I'm sorry to read of the above. You refer to "hiring" LABC. this is a further that this was a property you built yourself using contractors on land you already owned or was it a new build property built from a commercial developer please?
I was enquiring in relation to my first question whether you have raised the failure to install the relevant joints properly or at all as the case may be with either your architect or contractor according to whoever's fault it is in respect of the failure to install?
thank you. From what you say, has the architect accepted liability in respect of the issue? If so, why have they only offered you half of the likely costs of rectification? have you accepted this offer?
thank you. Why do they believe they are only 50% liable? this would suggest they consider that somebody else is jointly liable? Have they offered a view as regards ***** ***** is?
thank you. the building regulation contract is relatively narrowly defined service. The role of a building inspector for this purpose is to ensure that a project is compliant with building regulations and ultimately, to provide a final building regulations completion certificate. It is not the job of the building inspector to specifically identify design flaws or supervise construction beyond the above narrowly defined obligations.
As such, I do not readily see how the architects can seek to pass partial liability to the building inspection company on the basis they could have identified the fault sooner because this is not their role. Their role is to identify compliance with building regulations and in this respect, they appear to have done so and that they have identified this issue later than otherwise they could have done I do not see put them in breach of their above narrowly defined role in and of itself.
It seems to me therefore that your claim in relation to additional costs you are incurring which plainly is not your fault, lies with the architect and they should be offering a full indemnity in this respect. To the extent that they are refusing to do so, you may need to consider refusing their offer and advising that unless they are prepared to offer a full indemnity in this respect, you will need to ultimately consider issuing proceedings in the County Court to make a recovery.

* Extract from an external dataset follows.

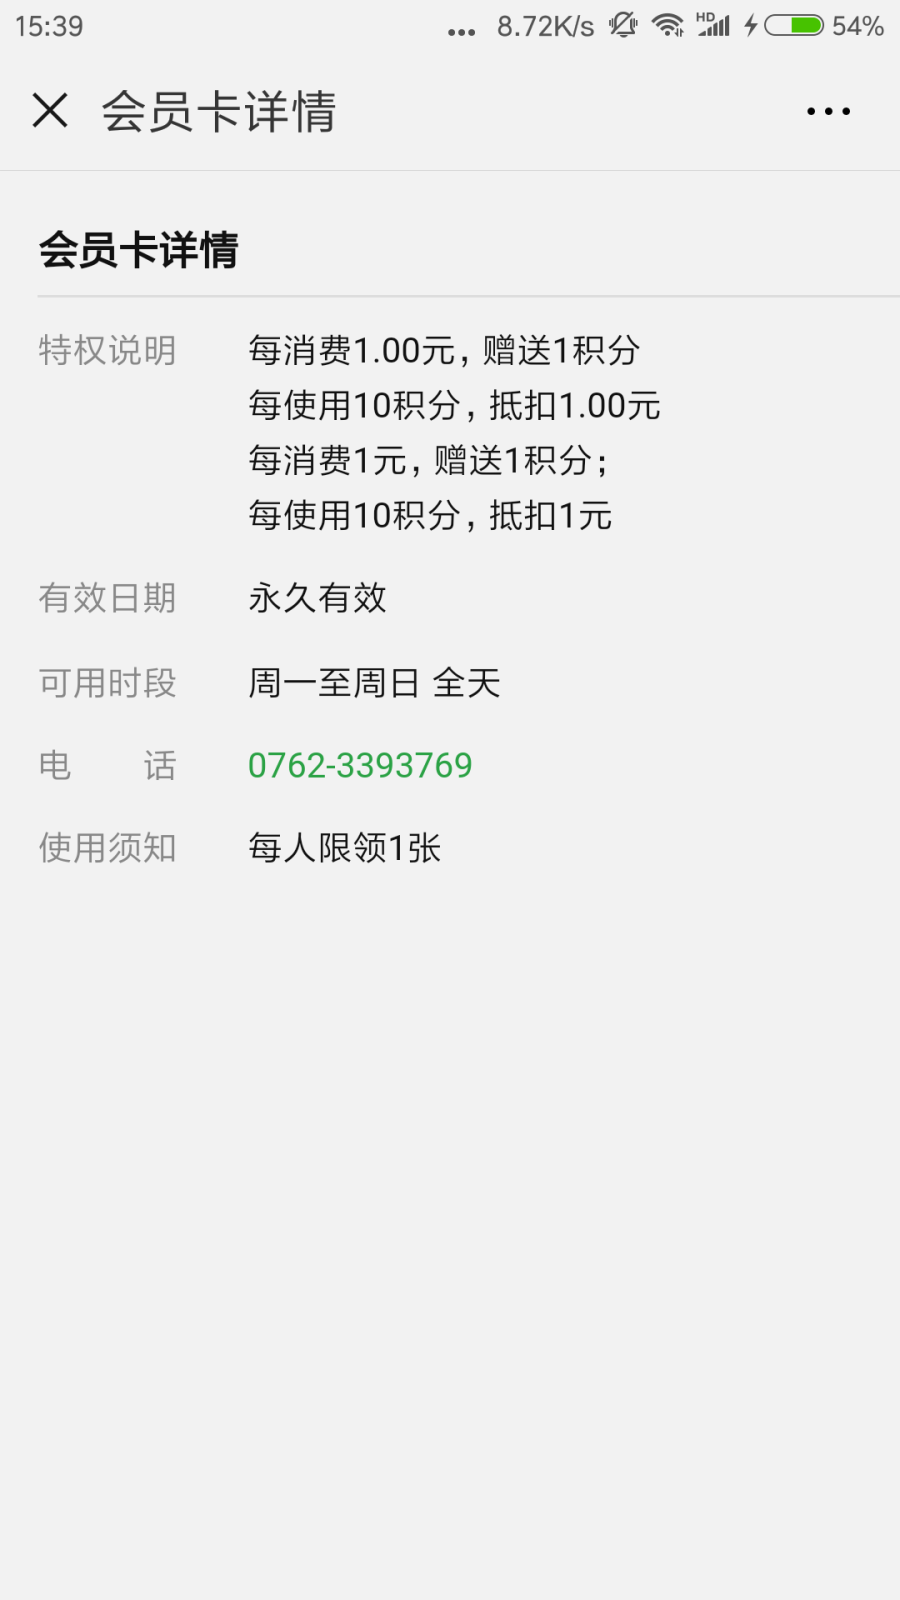 Screenshot_2018-08-27-15-39-47-065_com.tencent.mm.png

if this becomes necessary, the simplest way to do so is by using the courts online issuing service:
https://www.gov.uk/make-court-claim-for-money
on the face of it, as you can show that the architect is in breach of contract and negligent, it follows that if you can demonstrate this to be the case, you can claim any and all costs that you can show are a direct an unavoidable consequence which would include on the face of it the above cost
I'm glad the above answers all your questions for now. If you have any follow up questions please revert to me.